In diminuzione gli interventi chirurgici alla prostata

19 Gennaio 2017

Nuovi trend nella chirurgia prostatica negli Stati Uniti: alcuni ricercatori provano a spiegare cause e conseguenze di questo fenomeno.

In diminuzione gli interventi chirurgici alla prostataUno studio pubblicato sulla rivista JAMA Surgery e condotto da alcuni ricercatori della Weill Cornell Medicine di New York ha esaminato gli effetti delle linee guida e dei modelli di riferimento sulla diagnosi e sul trattamento del tumore alla prostata, in seguito alle raccomandazioni della U.S. Preventive Services Task Force (USPSTF) del 2012.
Abbiamo già esaminato in un precedente articolo l’impatto che queste raccomandazioni hanno avuto sulle diagnosi tumorali: il suggerimento di limitare lo screening del PSA e dell’esplorazione rettale ecoguidata per ridurre il rischio di sovradiagnosi e medicalizzazione non necessaria ha ottenuto diversi effetti, ma principalmente avrebbe determinato un aumento delle diagnosi di forme gravi di tumore alla prostata e contenuto, invece, l’identificazione di forme a rischio intermedio e potenzialmente curabili.
A motivare la decisione della USPSTF è stato soprattutto l’aumento delle diagnosi di tumori alla prostata a basso rischio, in molti casi indolenti e asintomatici: i pazienti con queste forme tumorali venivano talvolta sottoposti a trattamenti non necessari, i cui effetti collaterali potevano compromettere la loro qualità di vita.

 

La ricerca avviata dalla Weill Cornell Medicine ha esaminato la percentuale di interventi chirurgici eseguiti da 5.270 urologi negli ultimi 7 anni (dal 2009 al 2016) e registrato una diminuzione del 28,7% delle biopsie prostatiche e del 16,2% delle prostatectomie radicali.
Queste diminuzioni risulterebbero più significative nelle città americane più piccole (meno di 100.000 abitanti) e, inoltre, le biopsie prostatiche verrebbero eseguite in numero maggiore dagli urologi maschili in confronto al numero di interventi eseguiti da medici specializzati in Oncologia.
Parallelamente, questo studio ha evidenziato un aumento importante della sorveglianza attiva per i casi di tumore alla prostata a basso rischio, invece del ricorso a trattamenti chirurgici.

 

Secondo i ricercatori, questi dati sarebbero allarmanti, nel senso che la riduzione di interventi chirurgici per il trattamento del tumore alla prostata potrebbe significare una minore curabilità della malattia.
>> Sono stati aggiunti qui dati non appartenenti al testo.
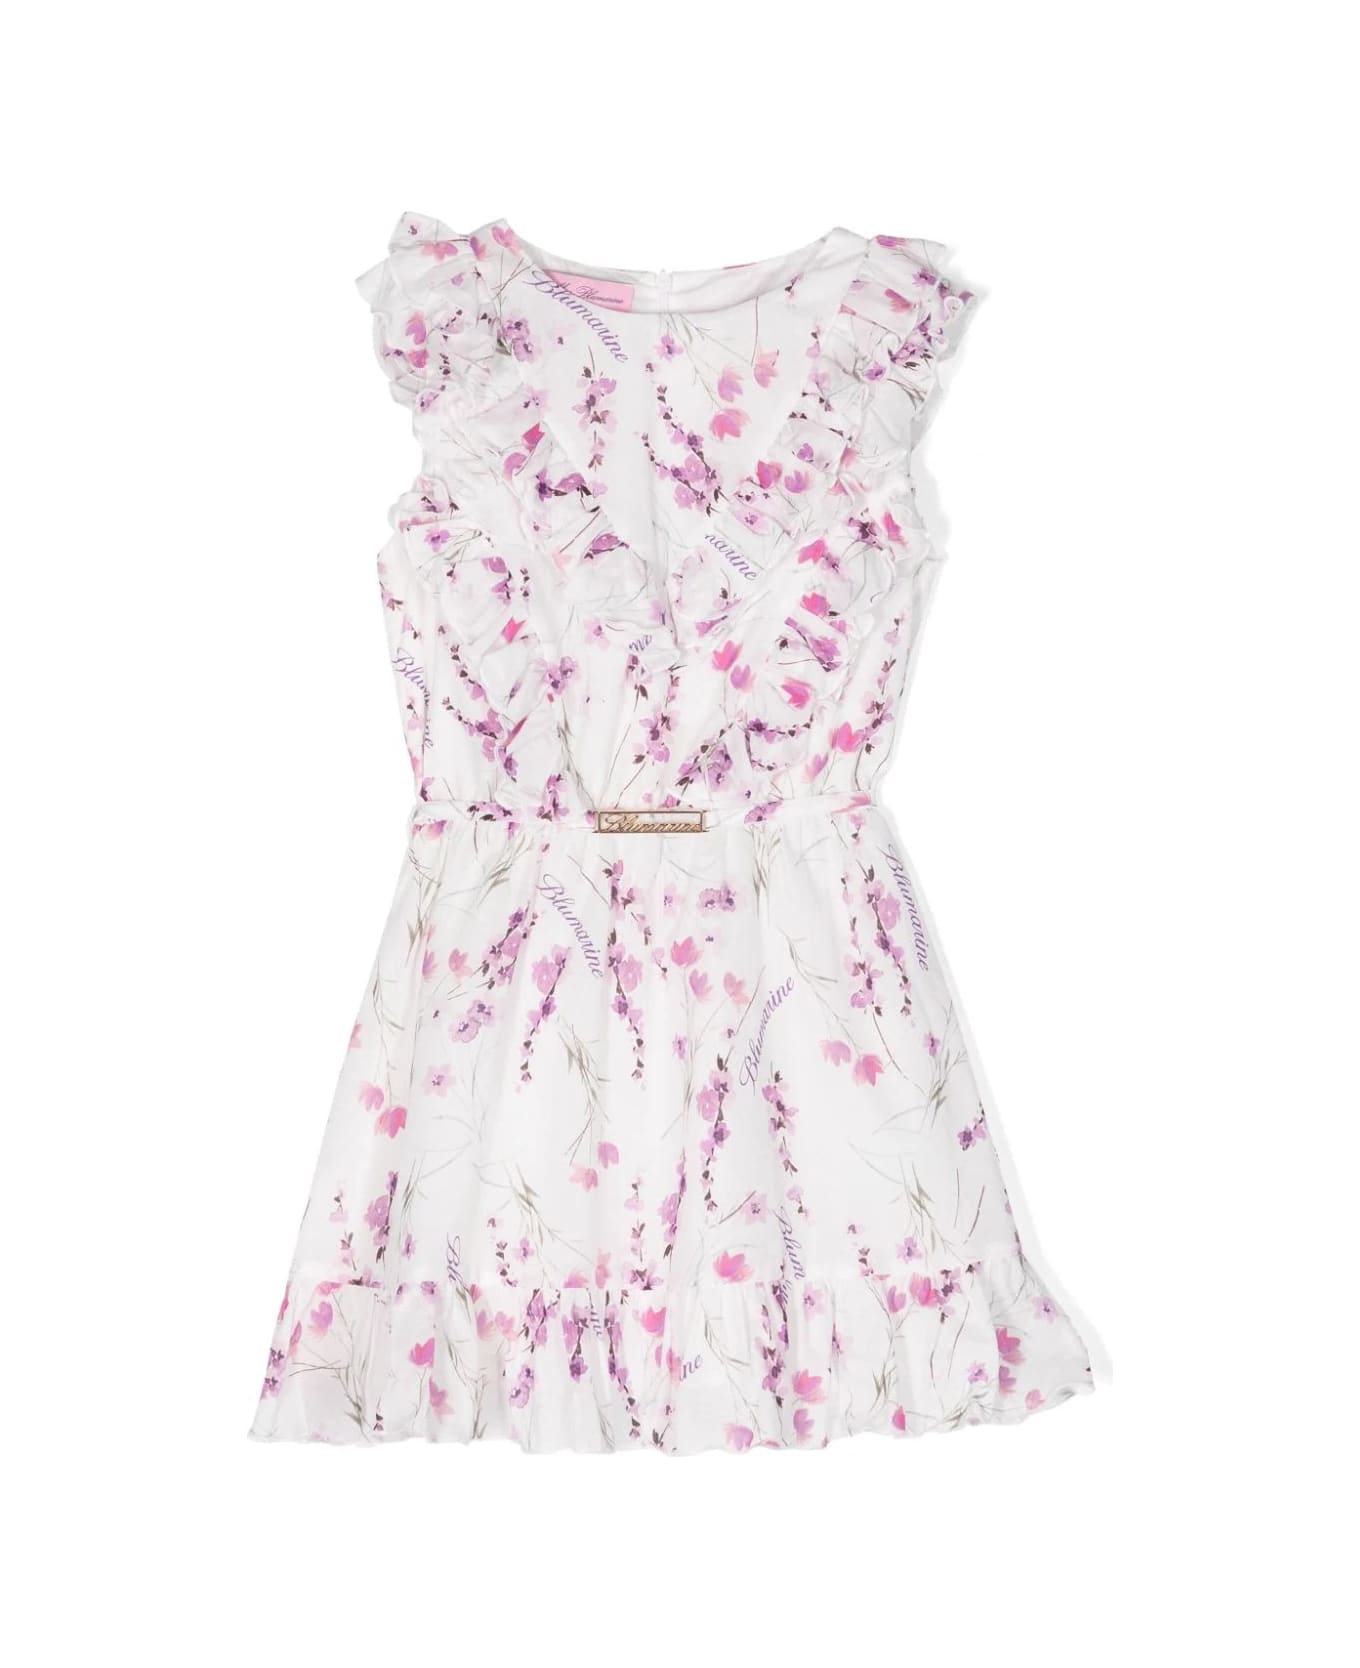 Miss Blumarine White Dress With Ruffles And Floral Print - White
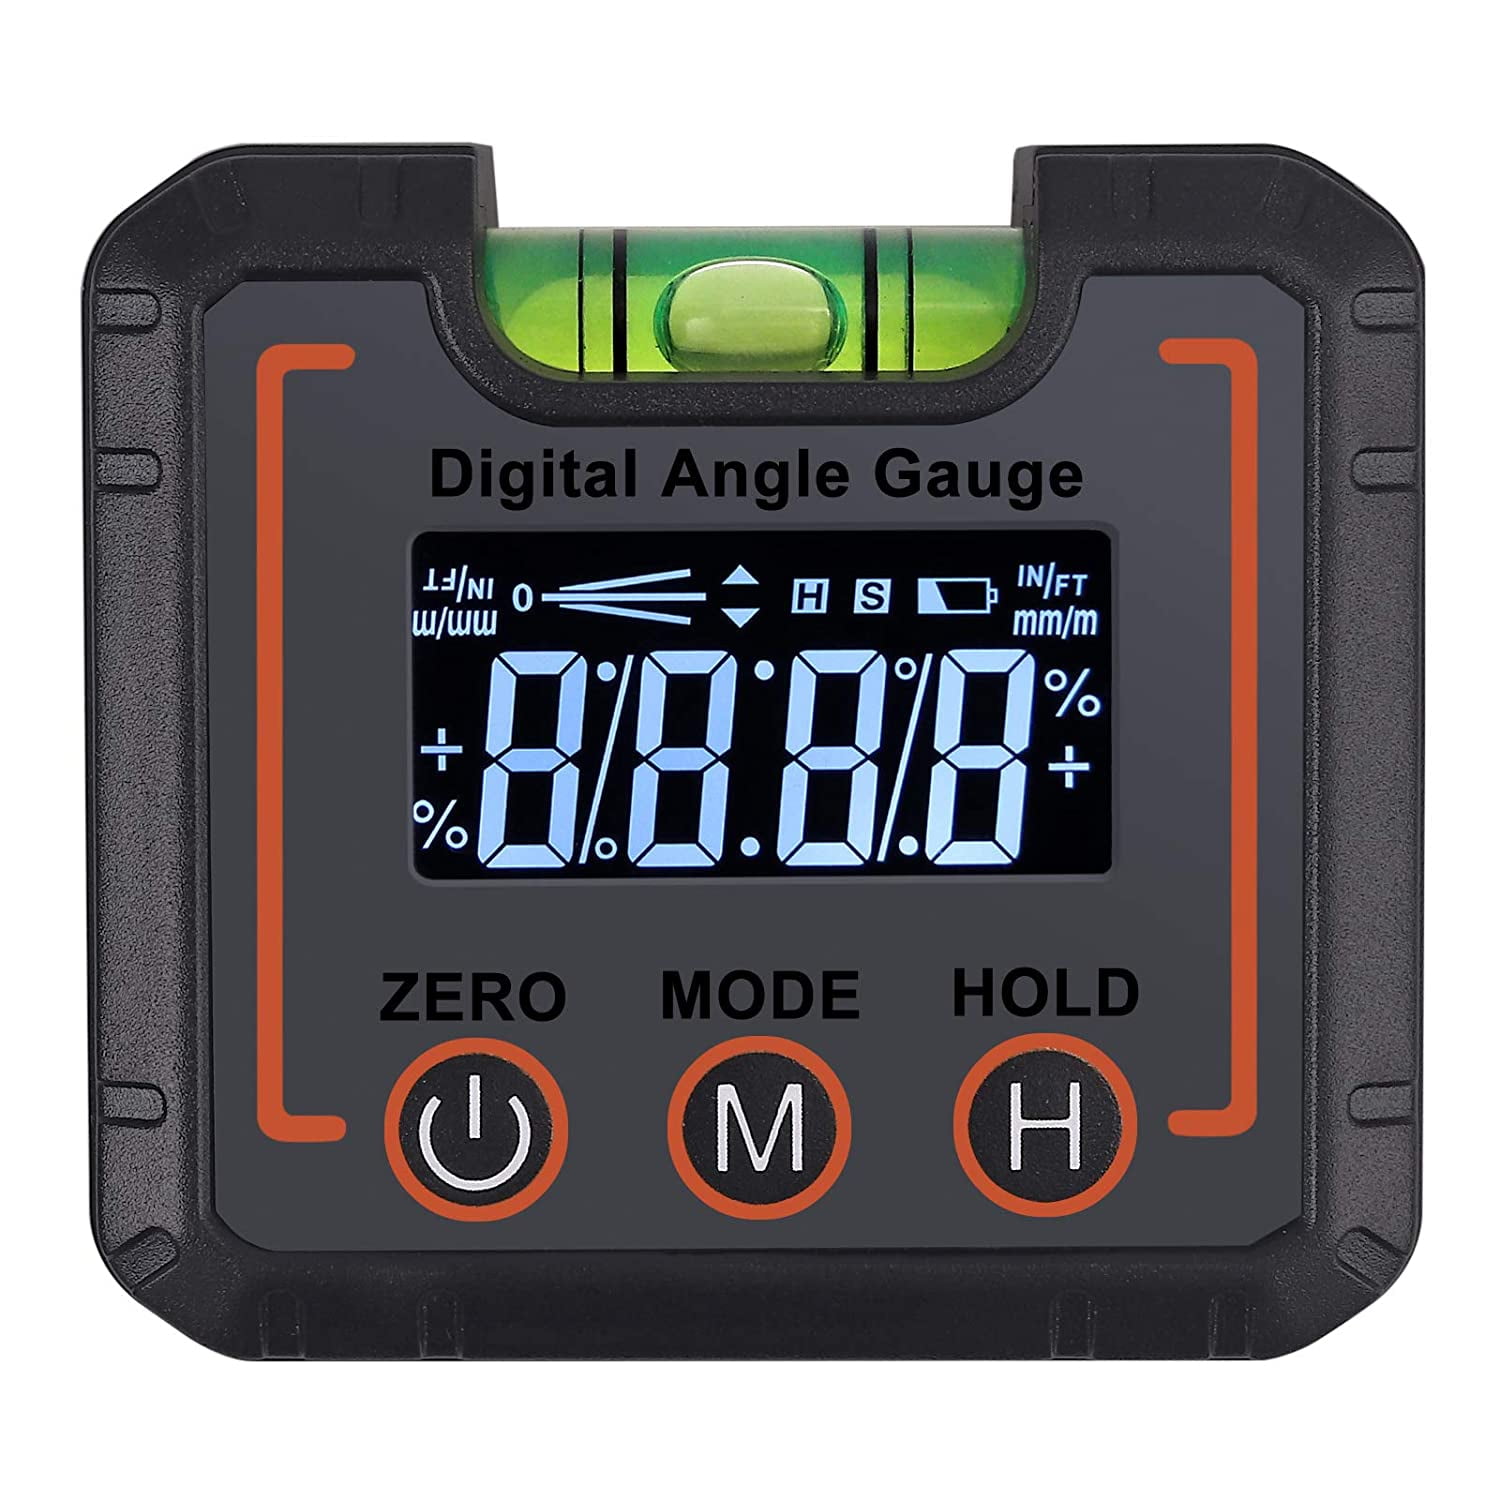 LCD Digital Inclinometer Protractor Angle Finder Bevel Level Box Inclinometer Meter Magnetic with Magnetic Based IN/FT,mm/m

A causa di questo fenomeno, alcuni pazienti «potrebbero perdere l’opportunità di essere curati», ha affermato il dottor Jim C. Hu, uno dei ricercatori.
Nello stesso tempo, però, bisogna mantenere una certa cautela nell’affermare che questo fenomeno è dovuto agli effetti delle raccomandazioni della USPSTF: potrebbero, infatti, essere intervenuti altri fattori non immediatamente lampanti.

 

Lo screening del PSA, per quanto il suo valore sia ancora oggi controverso all’interno della comunità scientifica, è ritenuto uno dei fattori chiave, insieme alle terapie disponibili, che hanno determinato la diminuzione complessiva del numero di casi e del tasso di mortalità del tumore alla prostata. Tra il 1991 e il 2008 si è osservata una diminuzione della mortalità per questa malattia del 39%, anche se sono aumentati i casi di tumore alla prostata metastatico, ovvero in fase avanzata e potenzialmente incurabile.

 

Può essere troppo presto per valutare oggettivamente gli effetti delle raccomandazioni della USPSTF sull’epidemiologia del tumore alla prostata, tuttavia, da questi primi dati, sembrerebbe esserci il rischio di un passo indietro per quanto riguarda la diagnosi, il trattamento e i tassi di sopravvivenza di questo tumore.
Si rendono naturalmente necessari ulteriori studi per approfondire cause e conseguenze di queste tendenze che sono emerse nell’ultimo periodo.
Alcune ricerche scientifiche suggeriscono una revisione delle linee guida proposte dalla USPSTF, in particolare sulla frequenza dello screening del PSA dopo i 50 anni in base al rischio dei pazienti e sulla combinazione con altri tipi di esami.

 

Il consiglio che i ricercatori della Weill Cornell Medicine si sentono di dare ai clinici è quello di valutare caso per caso l’utilità degli strumenti di screening, perché ogni paziente ha una storia a sé stante e bisogna sempre considerare il rischio individuale di tumore alla prostata, che può aumentare in base alla familiarità, alla razza, all’età e allo stile di vita.
Il rischio di sovradiagnosi non va mai sottovalutato, ma è altrettanto importante far capire il significato della prevenzione e dei benefici che i pazienti ne ricavano.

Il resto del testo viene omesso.